Елена КАМБУРОВА. УЗНАЙТЕ ИХ ПО ПЛОДАМ ИХ

Беседу вела Ирина КВАТЕЛАДЗЕ

«Я ПОЮ ТАКИЕ ПЕСНИ, В КОТОРЫХ СИЛЬНО МОЛИТВЕННОЕ, ИСПОВЕДАЛЬНОЕ НАЧАЛО. НЕ КАЖДАЯ ПЕСНЯ НА ТАКОЕ СПОСОБНА.
МНЕ КАЖЕТСЯ, ЧТО ТЕ ПЕСНИ, КОТОРЫЕ Я ДЛЯ СЕБЯ ВЫБИРАЮ, ЧТО-ТО ПРЕОБРАЖАЮТ В ЧЕЛОВЕКЕ, ДЕЛАЮТ ЕГО ДУШУ БОЛЕЕ ТОНКОЙ».

ВЫ ПОЕТЕ, ПРОДОЛЖАЕТЕ ПЕТЬ – И ВСЕ ЭТИ ГОДЫ ЗРИТЕЛЬСКИЙ ИНТЕРЕС В ОТНОШЕНИИ ВАШЕГО ТВОРЧЕСТВА НЕ ОСЛАБЕВАЕТ. У ВАС СВОЙ ТЕАТР – МОСКОВСКИЙ ТЕАТР МУЗЫКИ И ПОЭЗИИ. ЕЛЕНА АНТОНОВНА, ВЫ СЧАСТЛИВЫ?

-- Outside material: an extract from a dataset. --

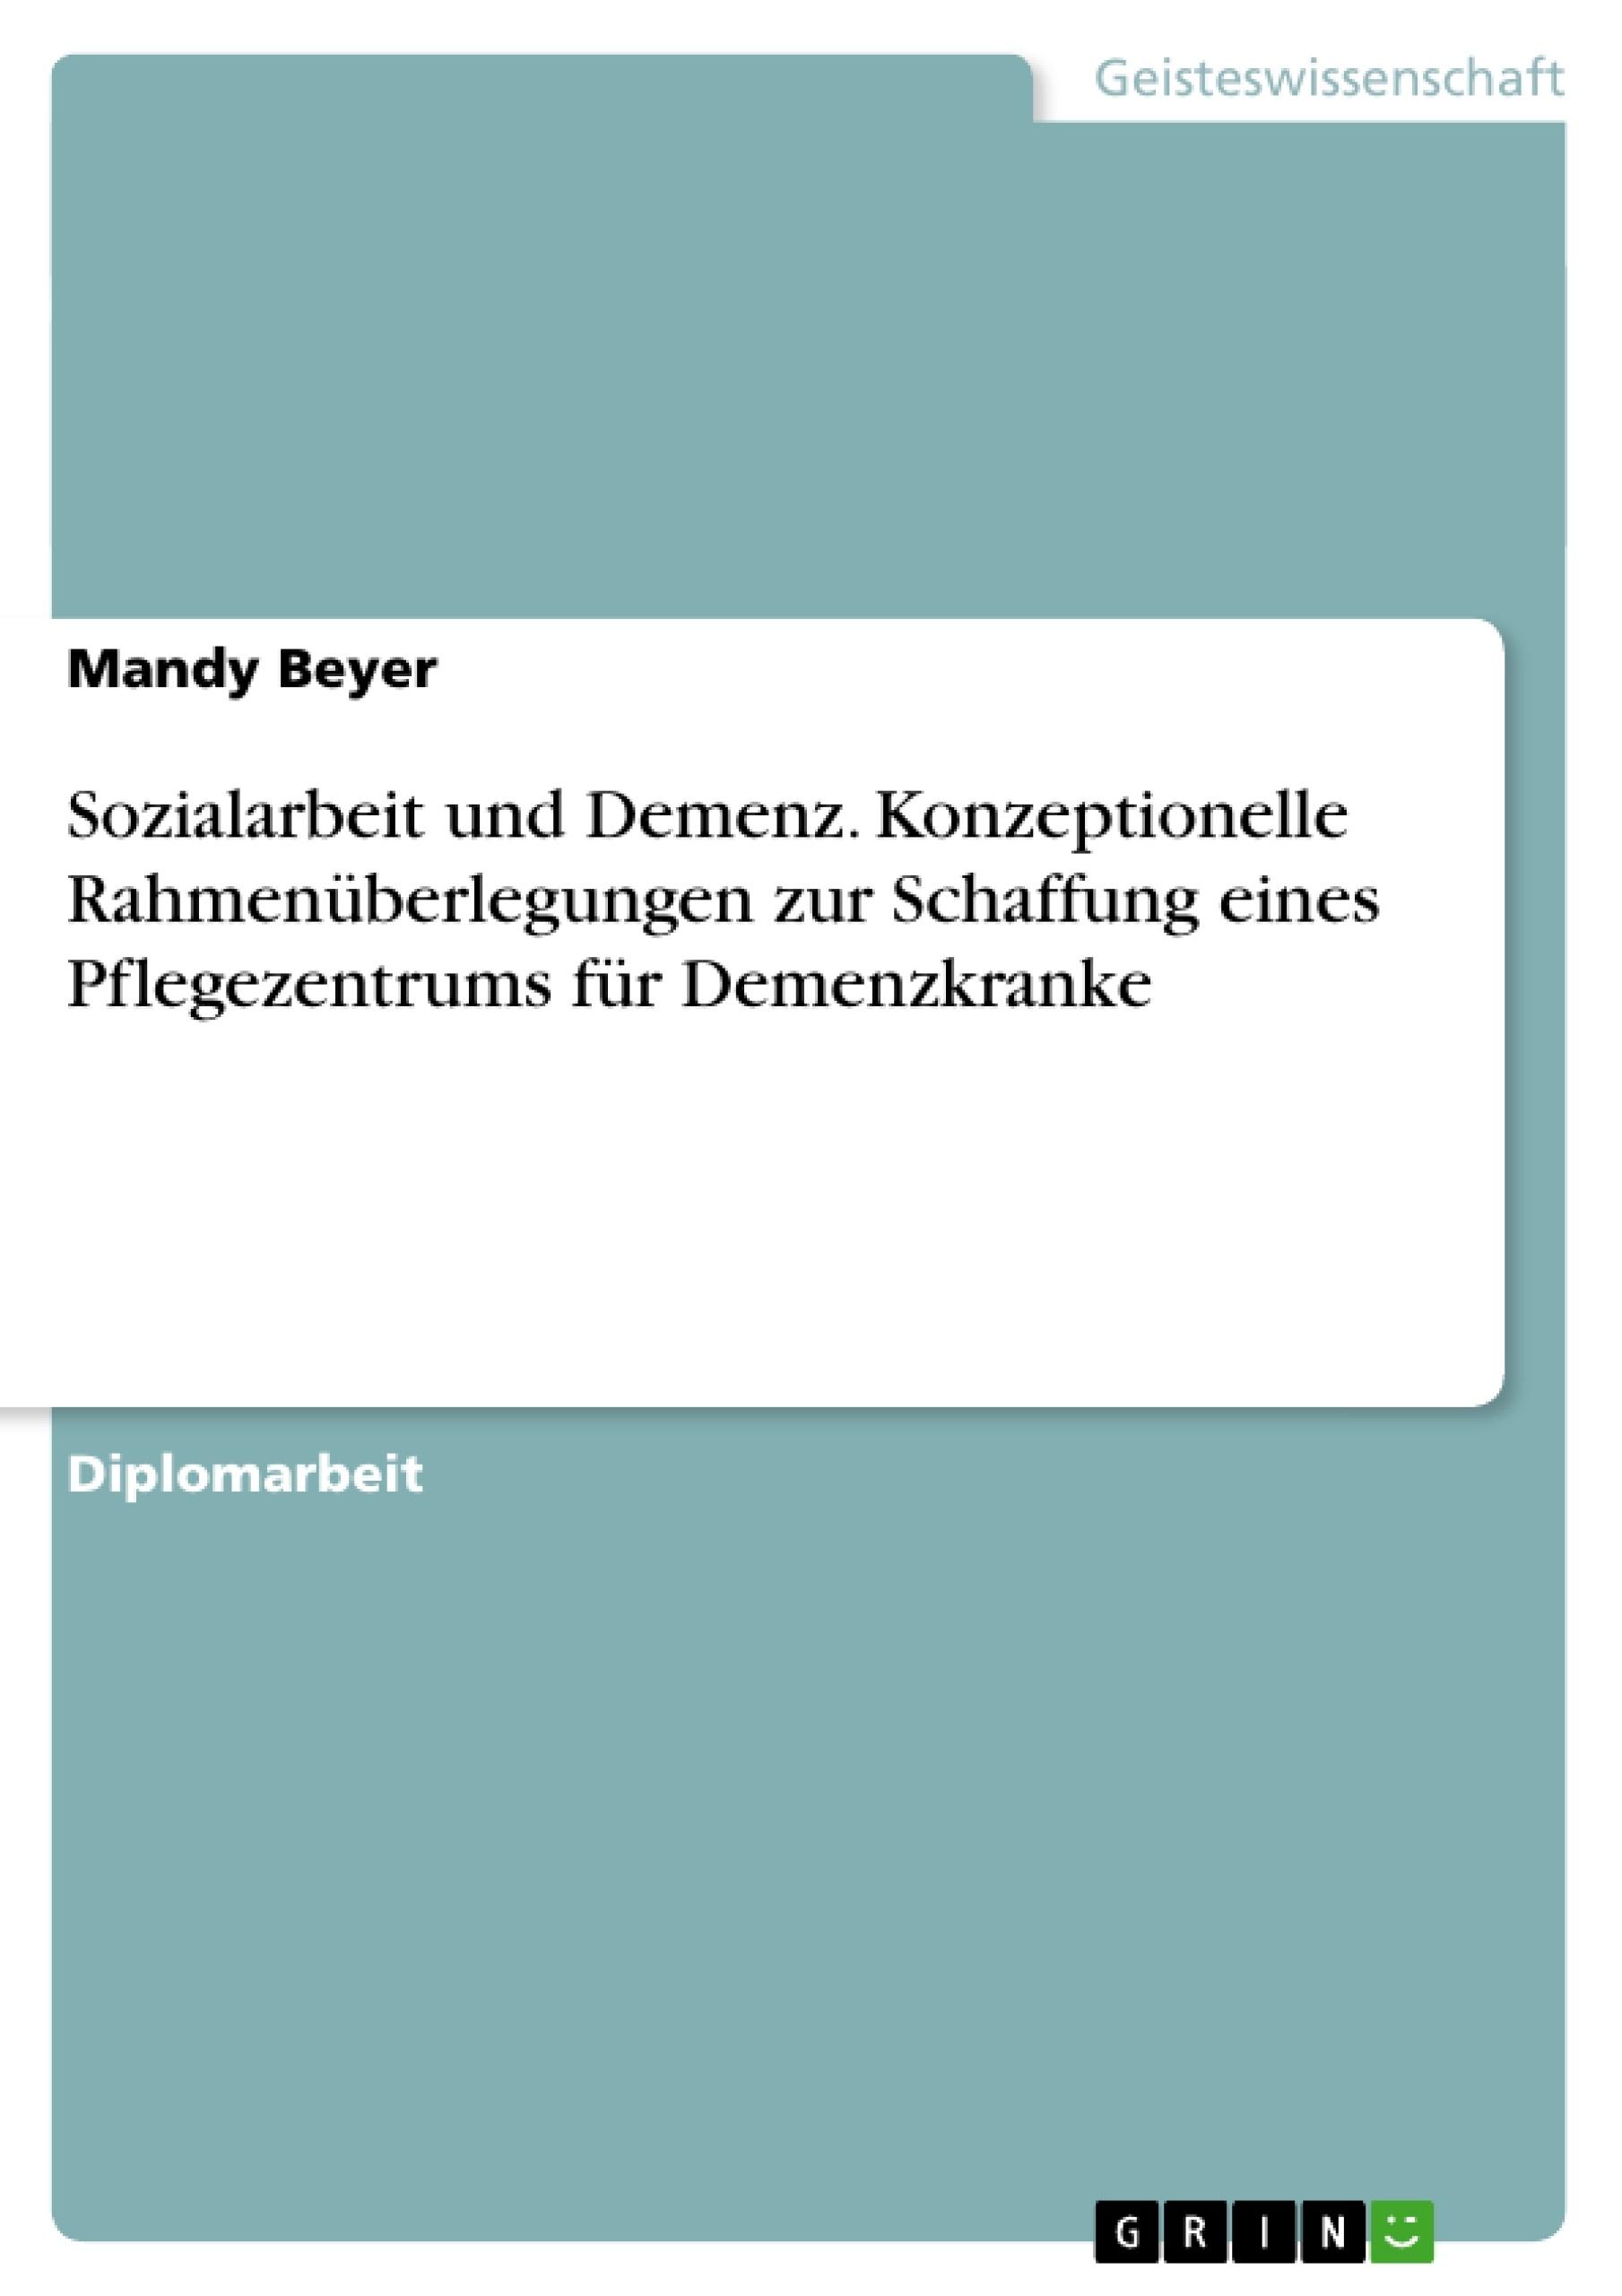 Titel: Sozialarbeit und Demenz. Konzeptionelle Rahmenüberlegungen zur Schaffung eines Pflegezentrums für Demenzkranke

Я бываю счастлива. Быть счастливым человеком все время своей жизни или хотя бы на каком-то большом этапе жизни для меня не представляется возможным. Потому что я не могу освободиться от знания того, что происходит вообще на Земле. Как трагична жизнь на Земле вообще и как она трагична сегодня для многих. Поэтому как бы я ни была в какие-то моменты счастлива, я не могу жить только своей жизнью. Моя жизнь впитывает и опыт прошлого, тоже с большими трагедиями, и опыт настоящего, и я не отделяю свою собственную жизнь от жизни человеческого общества не только в России, но и на Земле. Хотя я понимаю, что моя жизнь состоялась.

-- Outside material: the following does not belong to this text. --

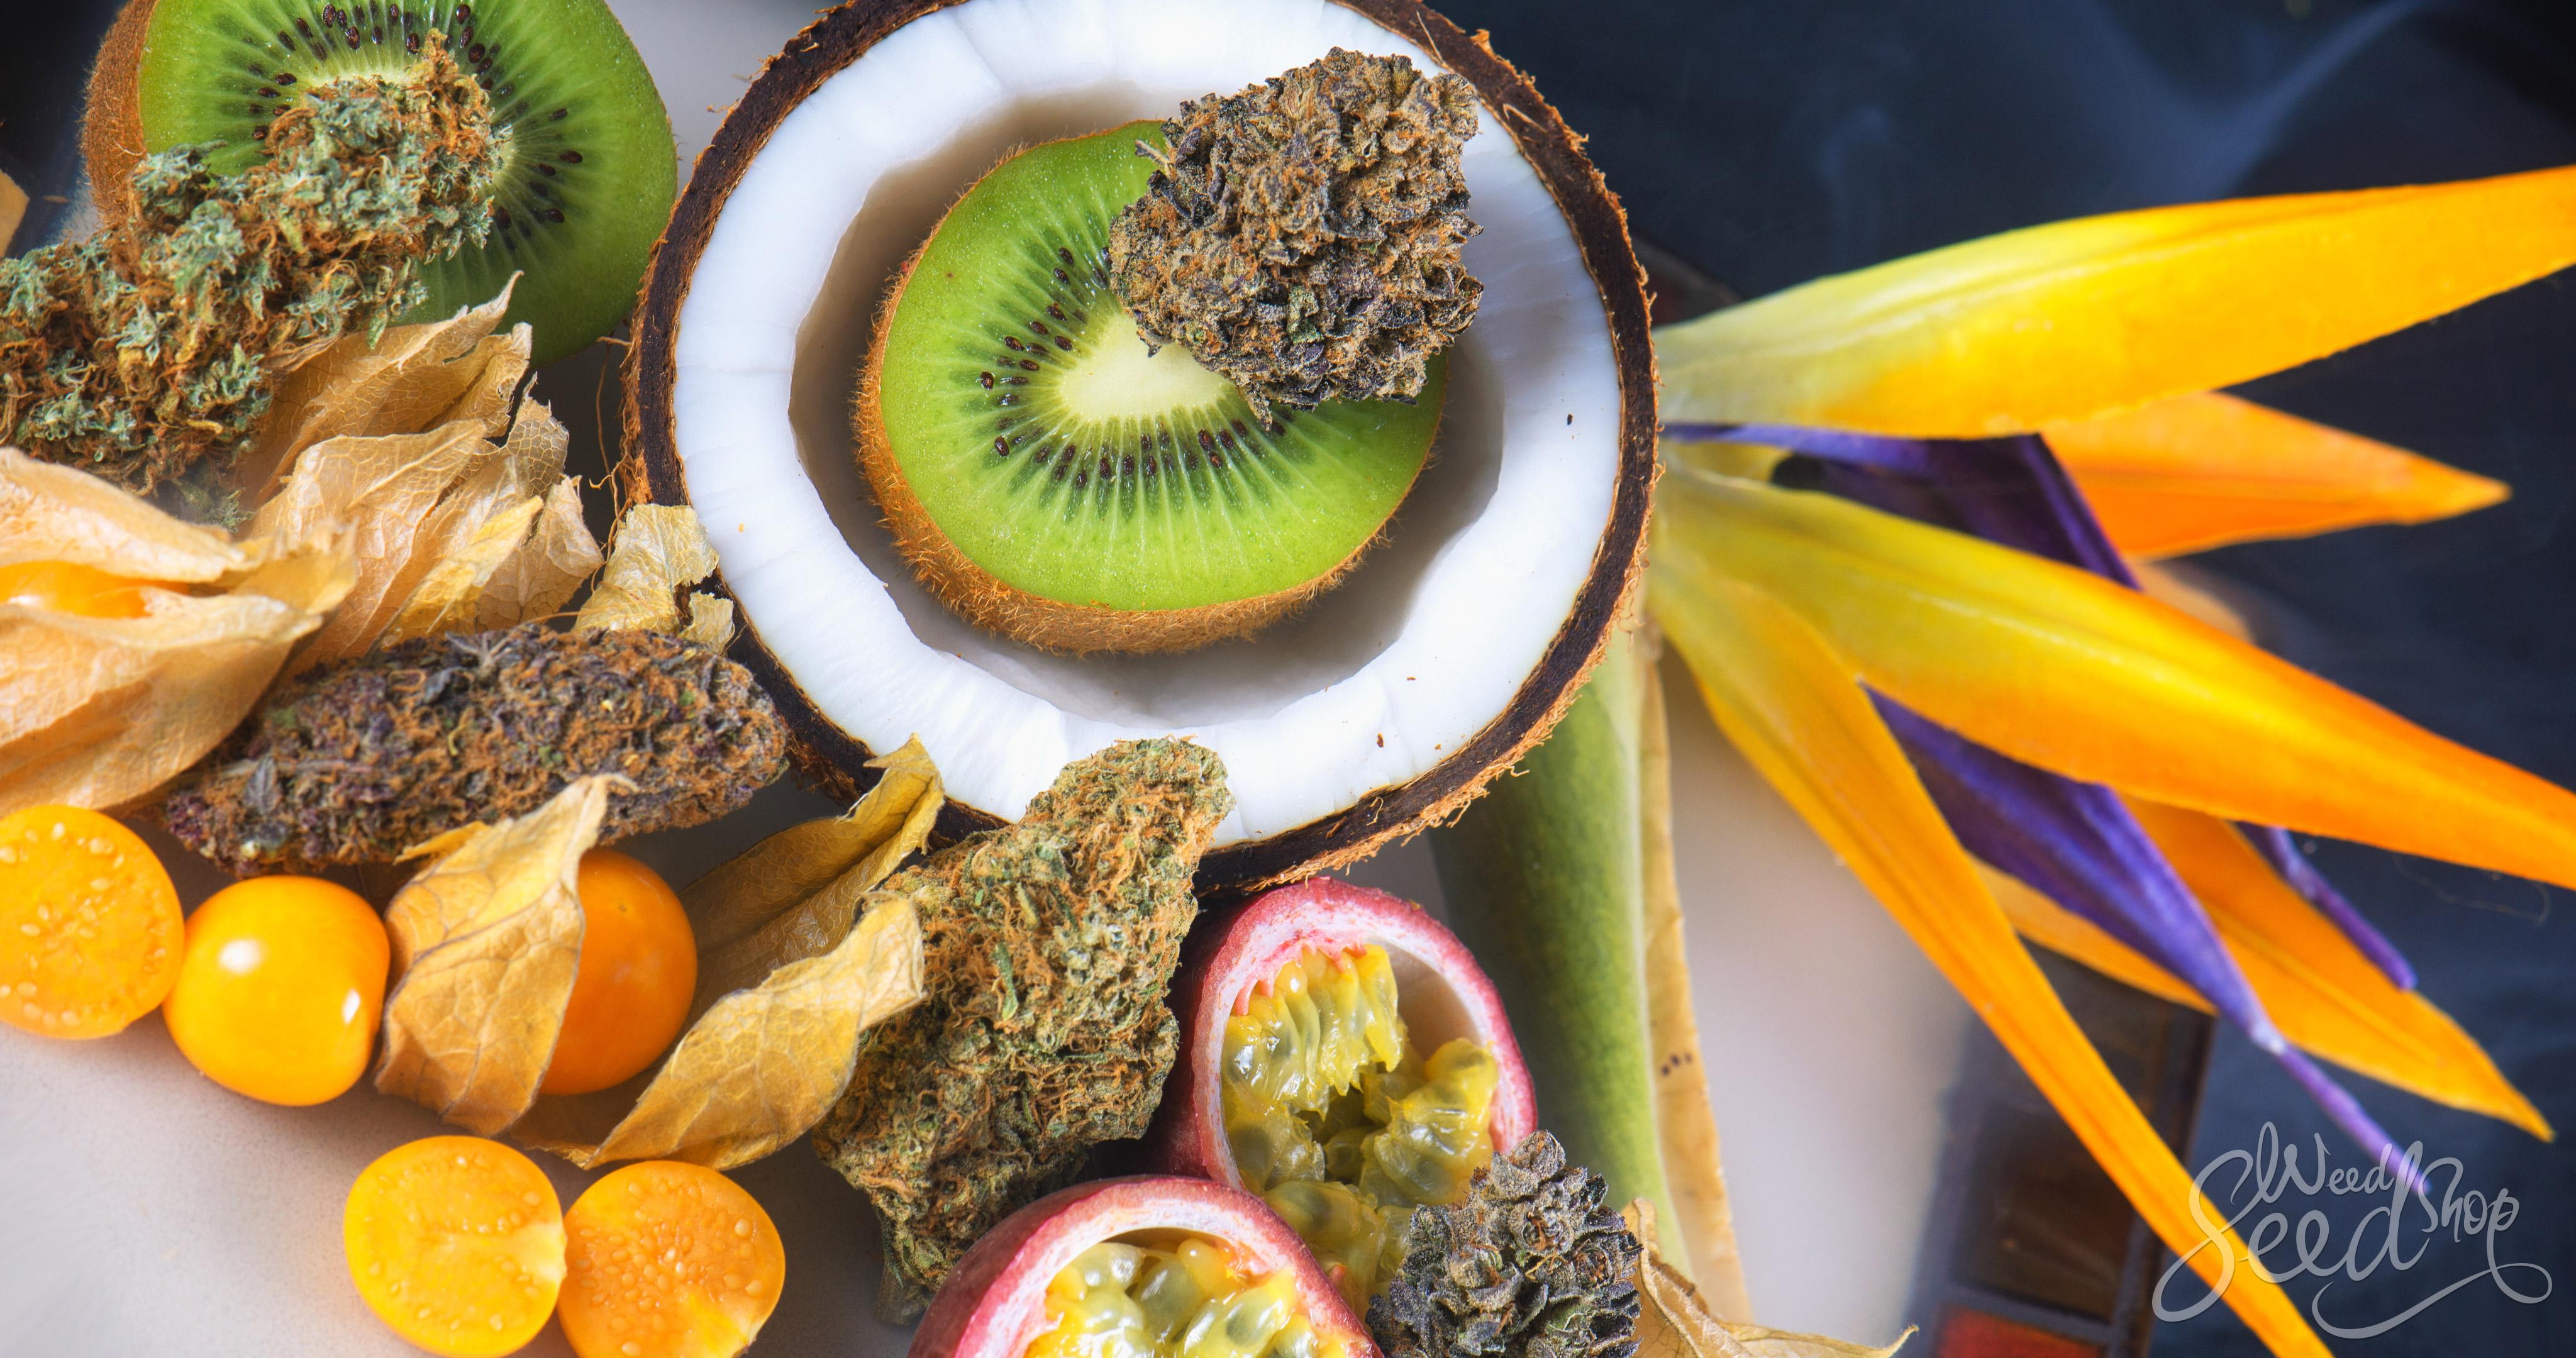 ¿Qué son los terpenos y qué hacen? – WeedSeedShop Blog

ЧТО ИМЕННО ДАЕТ ВАМ ОЩУЩЕНИЕ СЧАСТЬЯ?

Для меня очень много значат мои выходы на сцену. Мне всегда хочется, чтобы мой выход на сцену был идеальным, чтобы мои песни состоялись. Каждый раз это должен быть подлинник, причем в каком-то новом, идеальном и наиболее интересном варианте.

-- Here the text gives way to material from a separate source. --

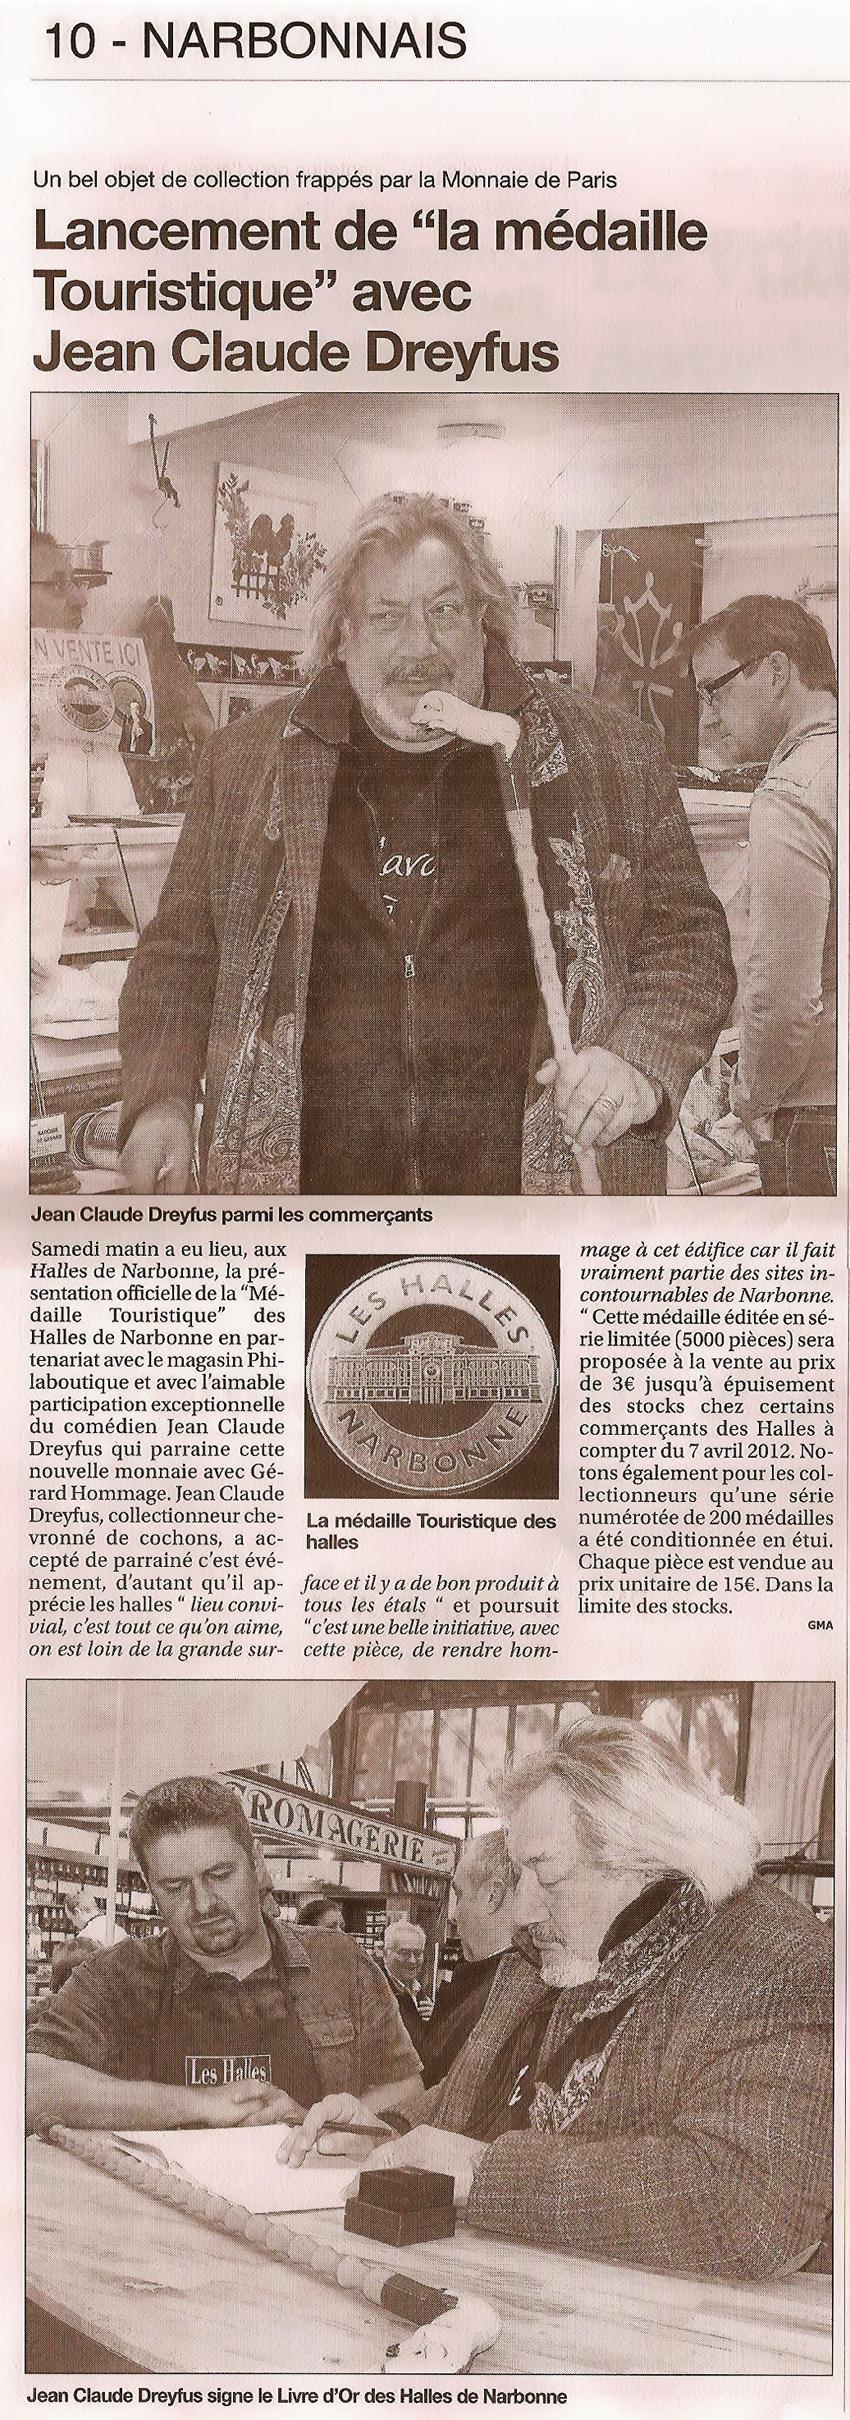 Halles_narbonne_medaille_touristique_dreyfus_paques_petit_journal_page10_du11au17-04-12

Но я живое существо (улыбается), и мой голос, и мое состояние каждый раз складываются иначе, по-другому. Так что счастьем совершенства я все время удостаиваться не могу. И мне тем более дороги моменты, когда я понимаю – вот, вот оно состоялось!

А КАК ПРИХОДИТ ЭТО ПОНИМАНИЕ?

Ну, я чувствую… Мне трудно объяснить, что именно я подразумеваю под идеальным звучанием песни. Я ее вижу и понимаю, какой она должна быть. Как именно должен ложиться мой голос, что вот именно в этом куплете должен быть не звук, а его тень. Чтобы в следующем, если идет открытый яркий звук, если есть простор для темперамента, он прозвучал на все сто процентов. Чтобы весь идеальный рисунок песни был здесь. Это все складывается из осязания момента, проживаемого на сцене.

Моменты счастья я испытываю, если вдруг нахожу состоявшееся – в любом жанре. Будь то проза, стихи, вокал. Я слушаю Шаляпина и понимаю, что это чудо. Или слушаю какого-то дирижера и понимаю, что это чудо, что вот они все так соединились… Это потрясающее, это то божественное, которое руководит миром. Потому что творчество – это такой подарок живущим, и часто не только для самого творца, но и для тех, кто слушает, видит, читает. Вот это – такое счастье… Особенно сейчас.

ПОЧЕМУ ИМЕННО СЕЙЧАС?

Потому что именно сейчас в жизни слишком много соблазнительного, особенно для тех, кто финансово преуспевает. Есть такой блистательный пример бельгийца Жака Бреля (выдающийся французский шансонье ХХ столетия – Ред.), жившего во Франции. Он был очень и очень обеспеченным человеком, но самым главным для него были его стихи, его пение. Именно та его жизнь, которую он проживал на сцене. А потому и вне сцены каждый его шаг был шагом не преуспевающего богатого человека, а личности, которая хотела познать мир, увидеть его, для которой такие качества, как благородство и достоинство, честь, были очень и очень значимы. Лично мне очень нужны такие примеры, чтобы не потерять свою систему координат.

ВЫ ВСЕГДА ХОТЕЛИ ПЕТЬ?

Да нет, не очень. Я пела с детства, была такая потребность. И я считала, что должна быть на сцене, внутренне считала. Но я думала, что буду драматической актрисой, и как певицу себя не представляла.

И КАК ЭТО СЛОЖИЛОСЬ?


Это дело случая. Знаете, судьба же нас ведет… Я увлеклась пением в Московском училище циркового и эстрадного искусства. Наш педагог Сергей Александрович Каштелян показал мне песни Новеллы Матвеевой. Меня поразил такой глубокий синтез стиха, мелодии и возможности вокального исполнения. Это стихи, которые можно проговаривать, наговаривать, где-то нашептывать. И они совершенно совпадали с диапазоном моего тогдашнего голоса. Они были вот прямо по мне…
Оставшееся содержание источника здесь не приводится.